::: DATA SECTION :::

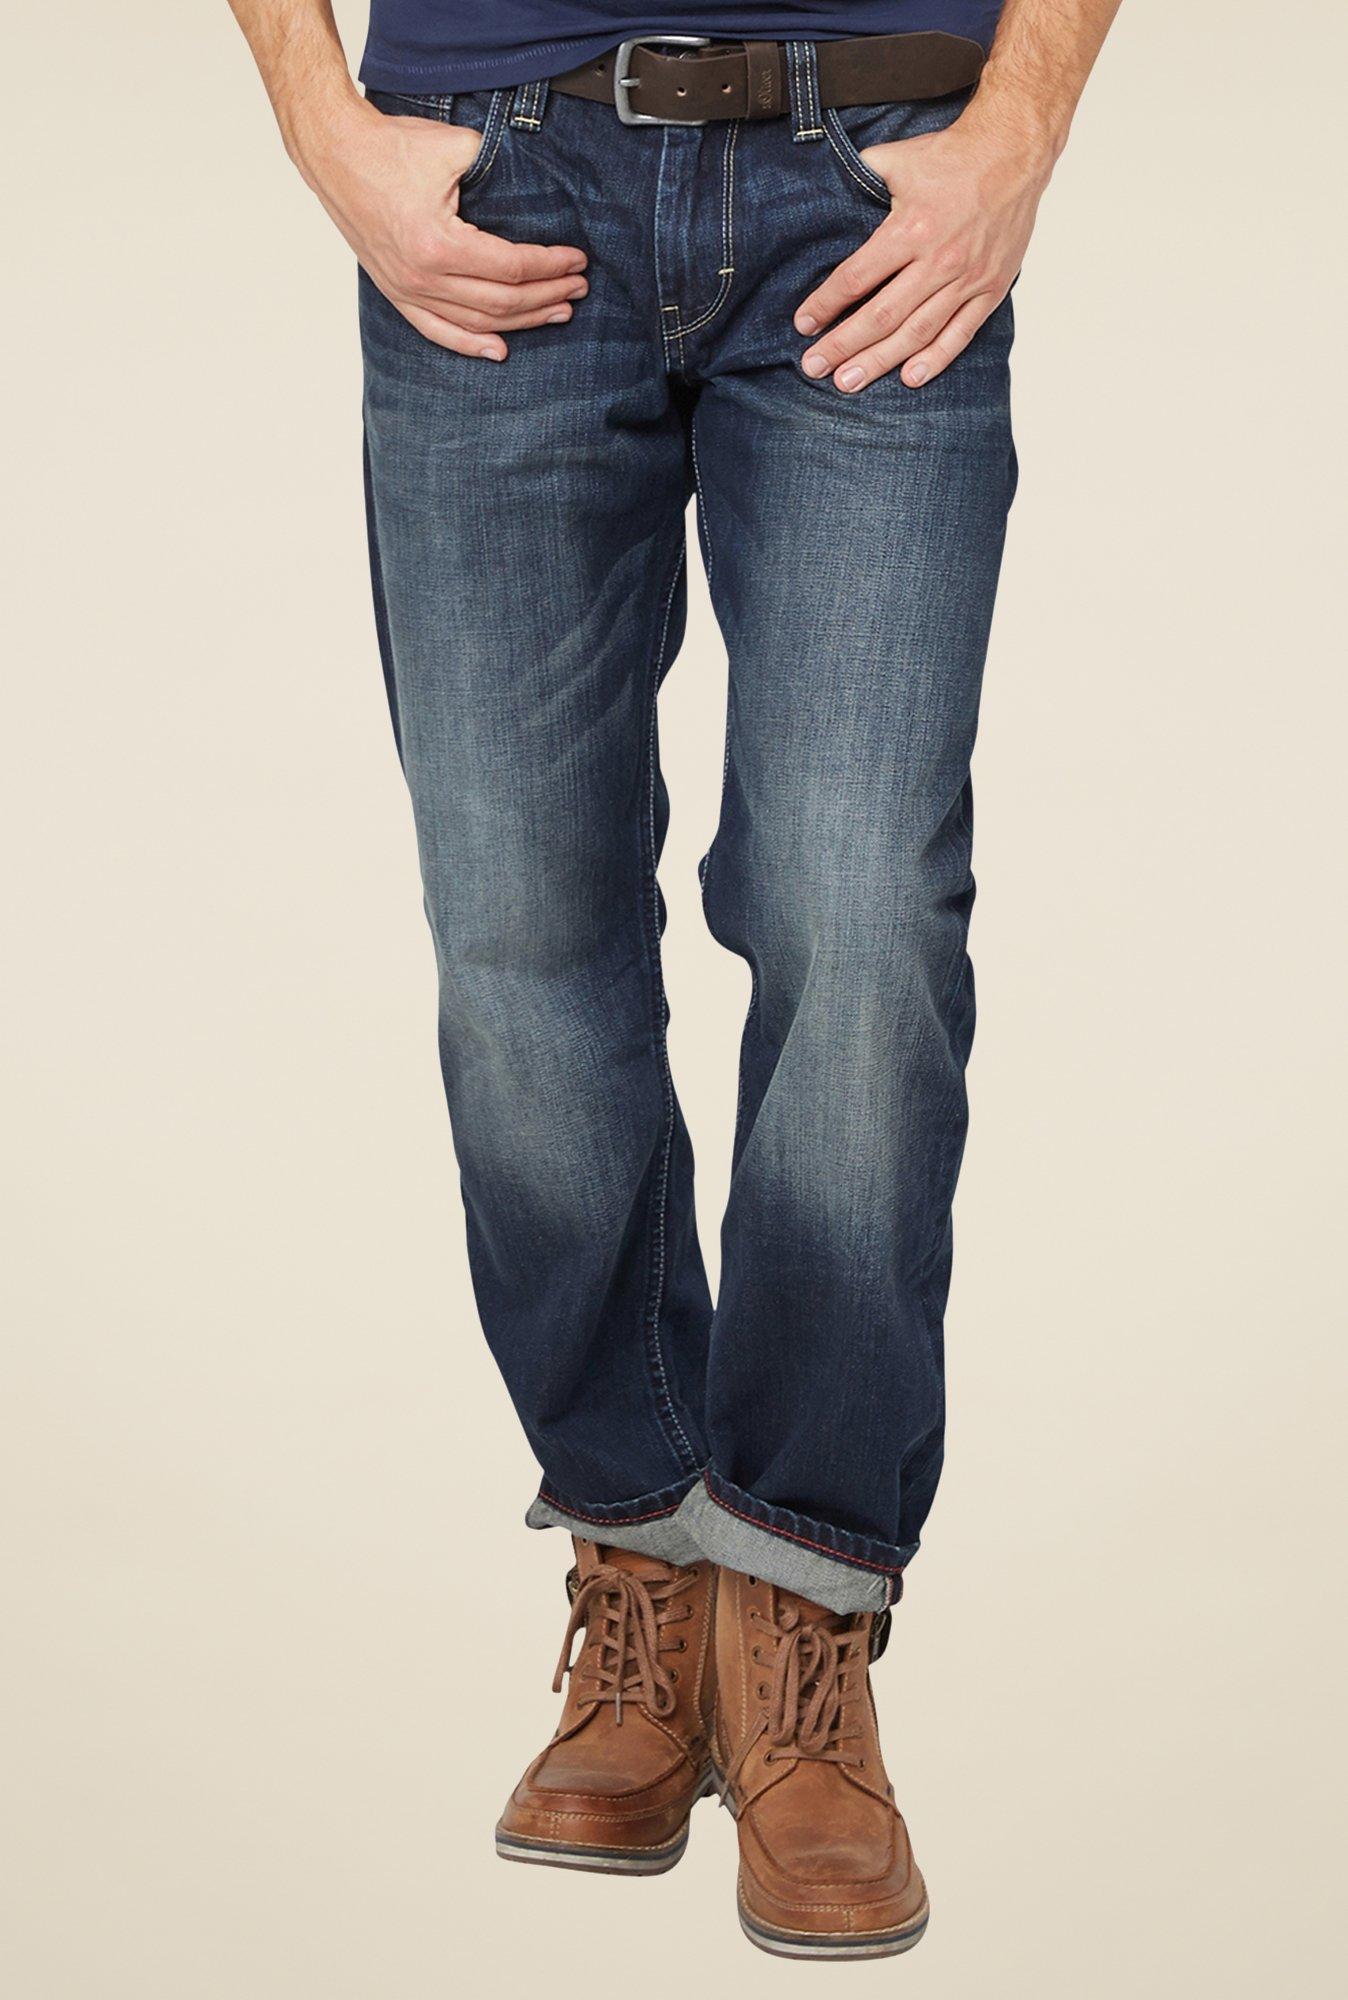 buy s oliver dark blue lightly washed jeans online at best. Black Bedroom Furniture Sets. Home Design Ideas
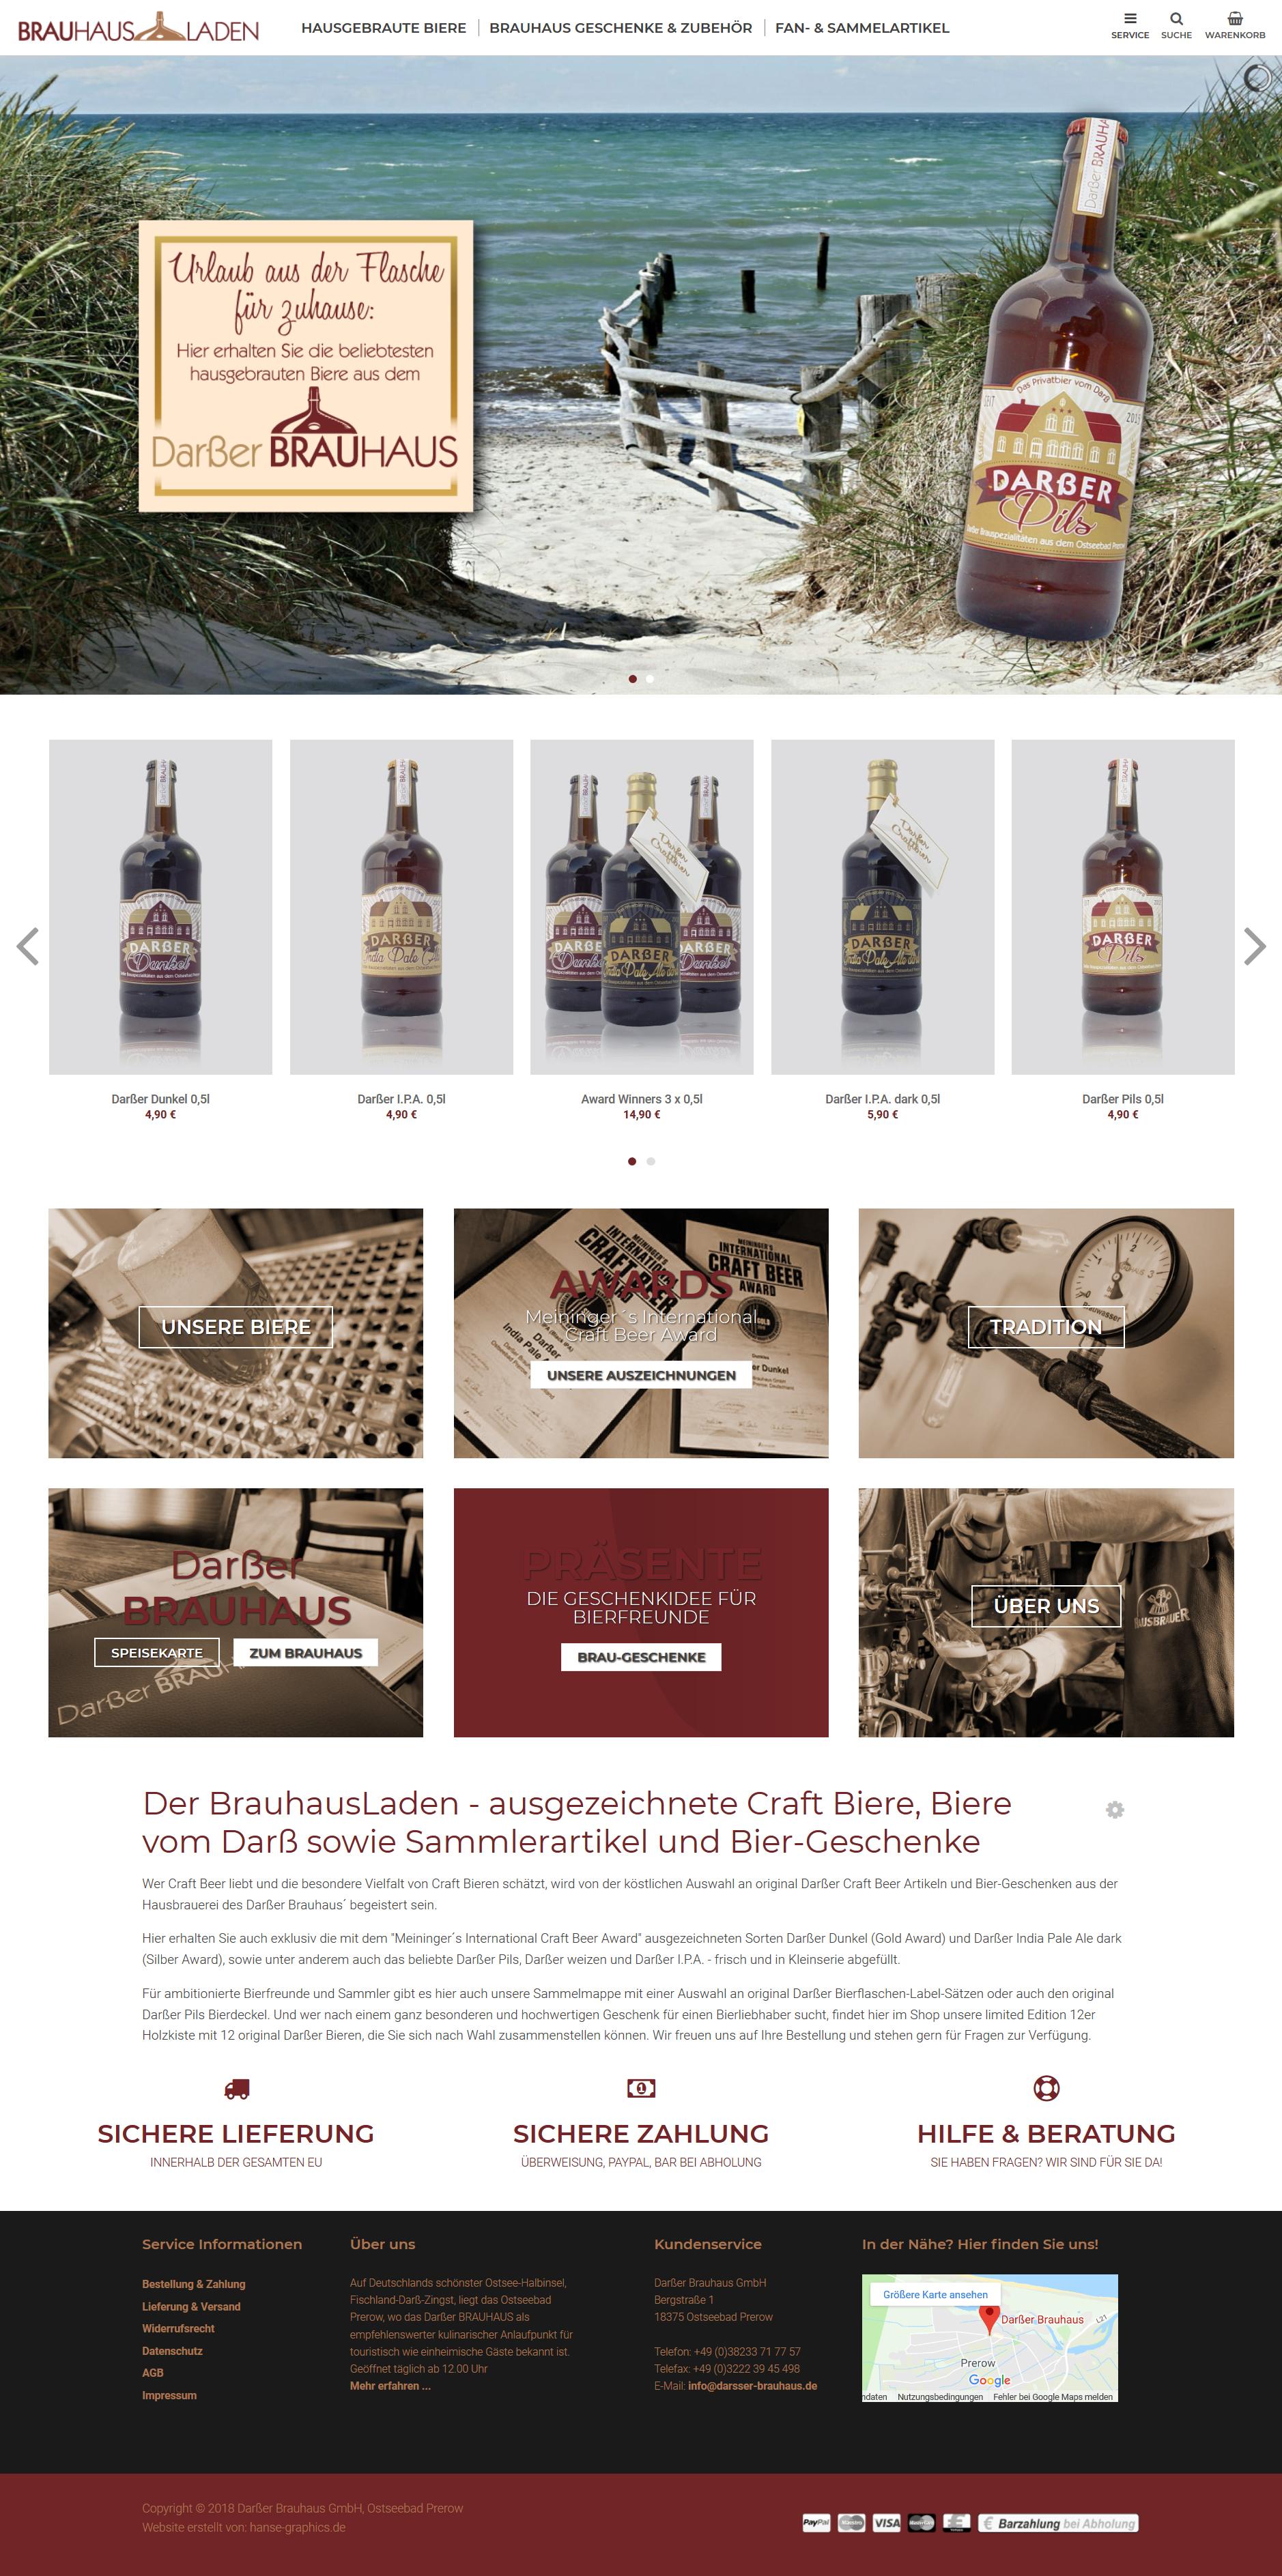 Brauhausladen.de
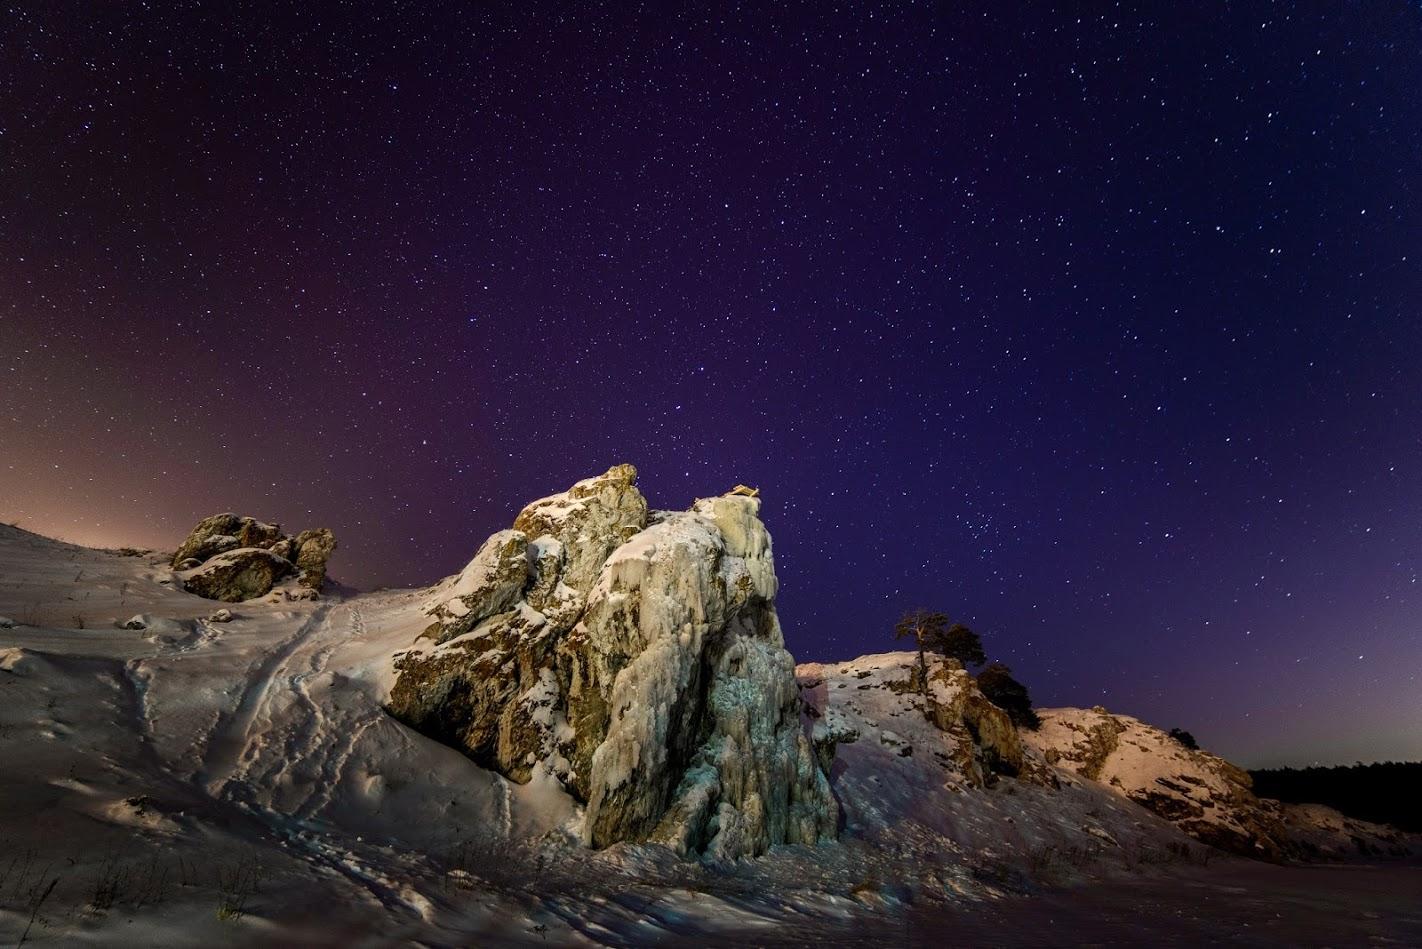 22. (Название: «Ночной слободской камень». Фотоаппарат Nikon D600. Объектив Samyang 14/2.8. Выдержка 30 секунд. Диафрагма f/2.8. ISO 2500).

:::

> [THE TASK]: Every picture stays out; reproduce exactly the lines from the one with "Brauhausladen.de" through the last line of the data above.

> [ANSWER BOX]:
 Brauhausladen.de
 22. (Название: «Ночной слободской камень». Фотоаппарат Nikon D600. Объектив Samyang 14/2.8. Выдержка 30 секунд. Диафрагма f/2.8. ISO 2500).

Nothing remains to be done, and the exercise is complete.